Sergey Lazarev at UdK Konzertsaal, Berlin – Thursday 1 June 2017

Sergey Lazarev - Photo Credit Sophie Sasimowicz
Sergey Lazarev – Photo Credit Sophie Sasimowicz

You may recall Sergey Lazarev as the wall-climbing, big voiced, banger-of-a-song, Russian entrant from Eurovision 2016.  The guy who took the most televotes from viewers.

Lazarev is a Russian star. UK music mogul Simon Napier-Bell, Wham!’s former manager, set about forming a 21st century Russian version of Wham! with Universal Music.  Smash!! was born in 2000, featuring Vlad Topalov and Sergey Lazarev, graduates of Russian child group, Neposedy.  You might be familiar with their Neposedy co-graduates, t.A.T.u.. 

Launching as a solo artist in 2005, Lazarev has released four studio albums.  His most recent release, the compilation ‘The Best’, is the subject of his current tour.  I attempted to count the number of shows he has accomplished under ‘The Best’ banner, and Berlin is date number 146 (I may be wrong, but nevertheless it’s a hell of a lot!) and one of six shows in Germany.  This is the first time Lazarev has toured in Europe.

Sergey Lazarev - photo credit Jo Nuckley
Sergey Lazarev – photo credit Jo Nuckley

The audience is mainly ex-pats, however Berlin becomes a cross-European extravaganza for the evening, with many fans flying in from multiple countries to take advantage of a visa-free Lazarev gig. 

Lazarev’s band enters the stage, building up anticipation for his entrance. There is a huge multi-media screen at the back of the stage. There is an array of lighting. This is high-production. Lazarev appears centre-stage through an open door, aloft a set of stairs. He is dressed in all white, futuristic, intergalactic-like. Show-time. The crowd goes crazy to opener, ‘Breaking Away’. 

Sergey Lazarev - photo credit Jo Nuckley
Sergey Lazarev – photo credit Jo Nuckley

Upbeat numbers ‘The Flyer’ and ‘Shattered Dreams’ (yes, a cover of the 80s hit by Johnny Hates Jazz) are followed by ‘Naydi Menya’, a song which Lazarev reworks from the studio version, bringing the tempo right down and presenting a stunning, sensual (he and his dancers getting very close in a spellbinding way!) and visually enchanting – think cosmic, stars – universe.

The first of many thoroughly-thought out and wonderfully designed costume changes comes in the form of ‘Stumblin’’, a stomper, where the crowd with its vigorous seat-dancing matches the energy of Lazarev and his team of four, extremely gifted, dancers. This is a fully seated concert and I was told that Russian seated concerts are treated like the theatre; no-standing out of politeness to other audience members. 

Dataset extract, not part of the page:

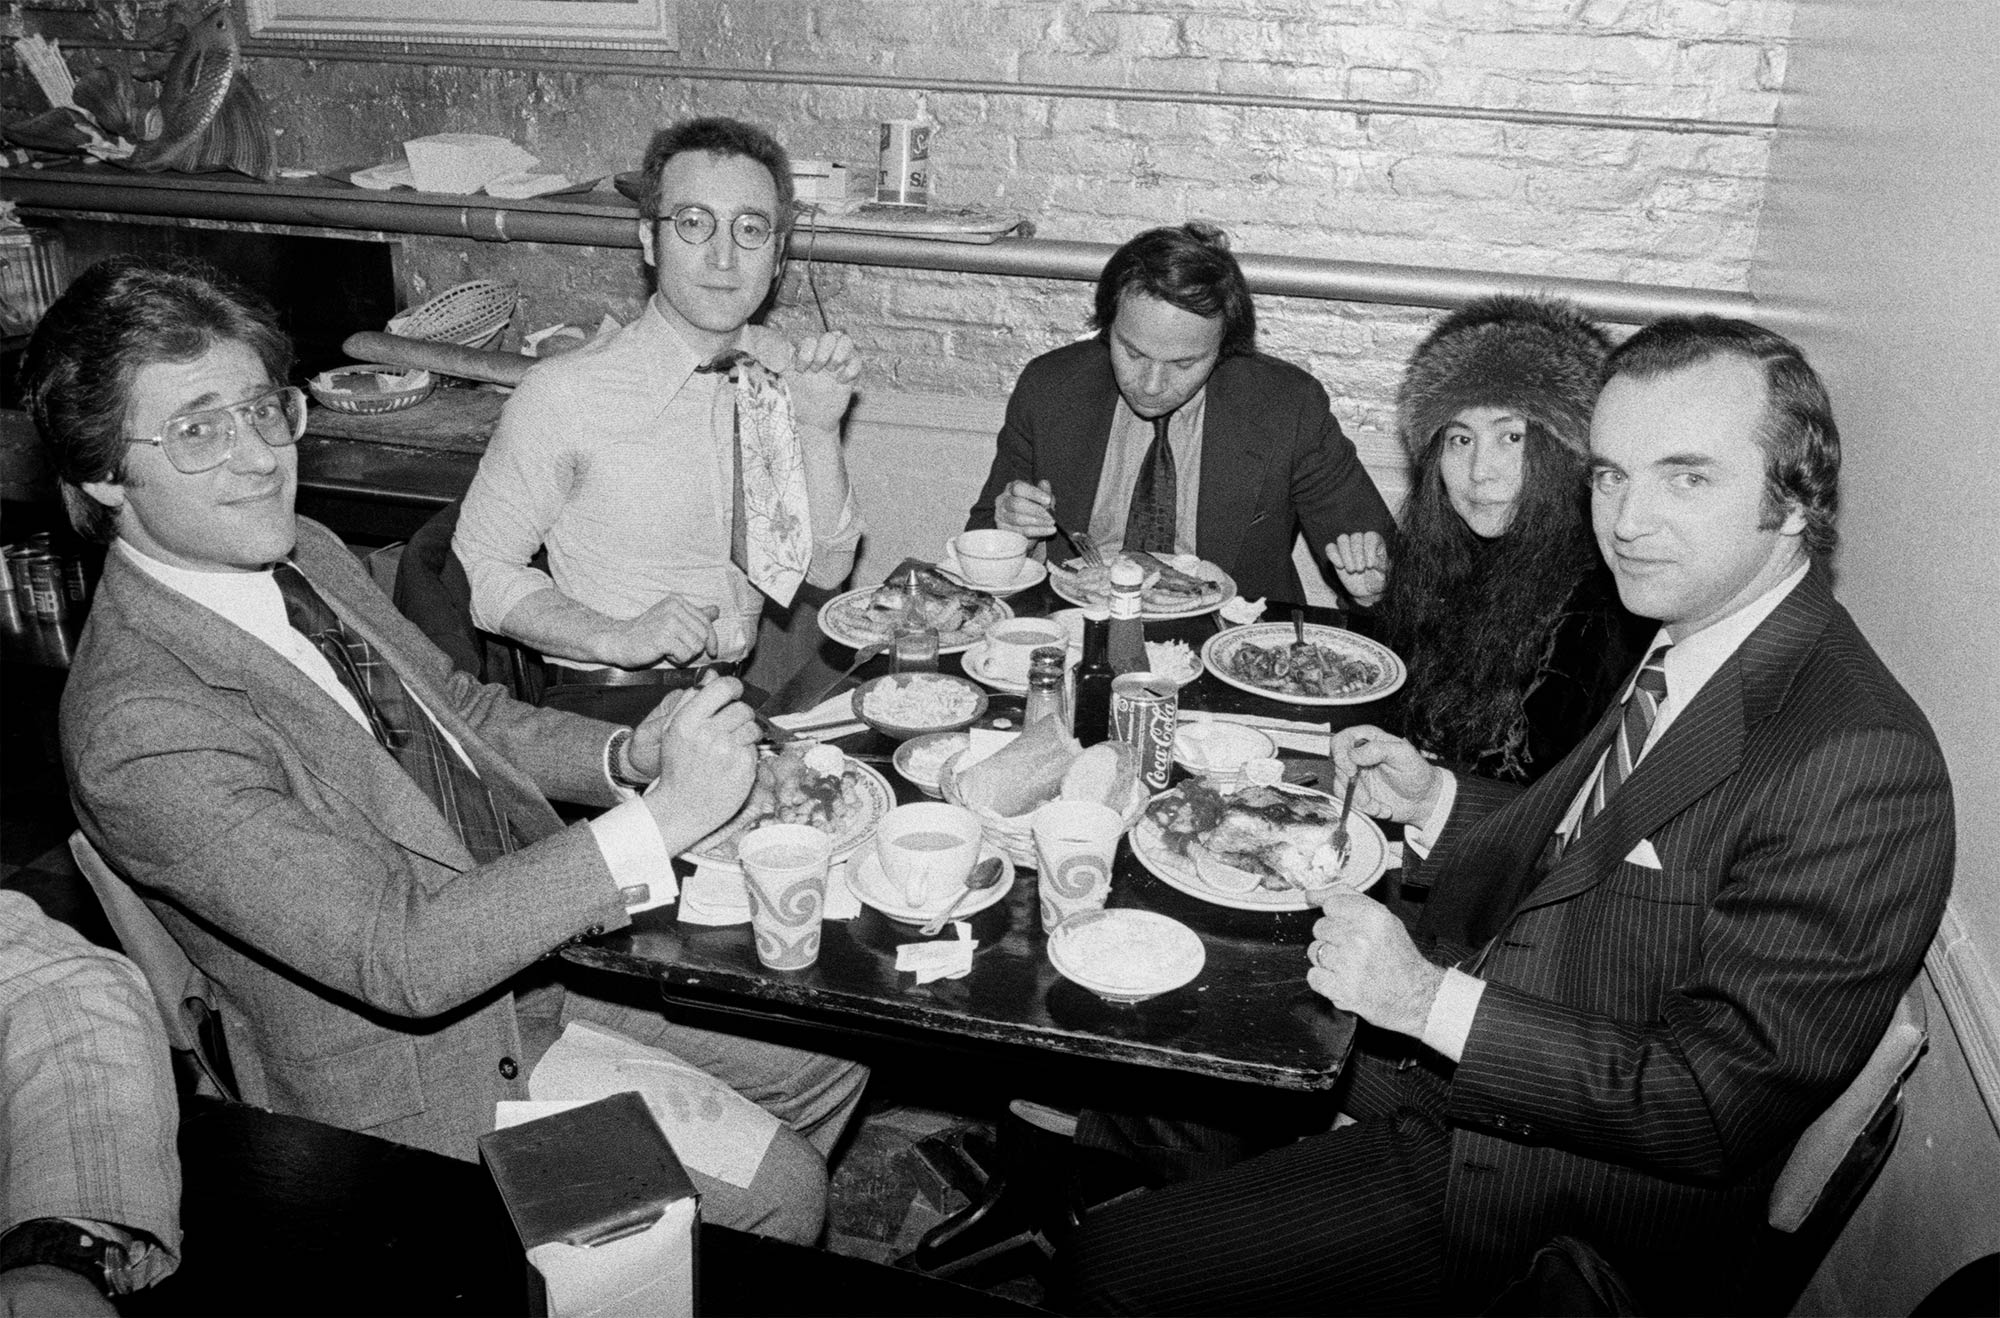 Jay Bergen with John Lennon and Yoko Ono

A few more bouncy numbers follow and then the pace drops with the introduction of Russian language ballads, ‘Bienie Serdca’ and ‘Slezy V Moem Serdce’, and a section dedicated to three Smash!! tracks. These were performed in a captivating, mesmerising and emotional style.  During these slower songs Lazarev’s acting experience showed; he is a regular in Moscow theatre and the audience could have been forgiven for thinking they were in the West End. 

Lazarev turns ‘Dazhe Esli Ty Uydesh’ into an audience participation exercise. His playful personality is highlighted by teasing English-speaking audience members to “Learn Russian”, to which said fans respond by belting back the lyrics. 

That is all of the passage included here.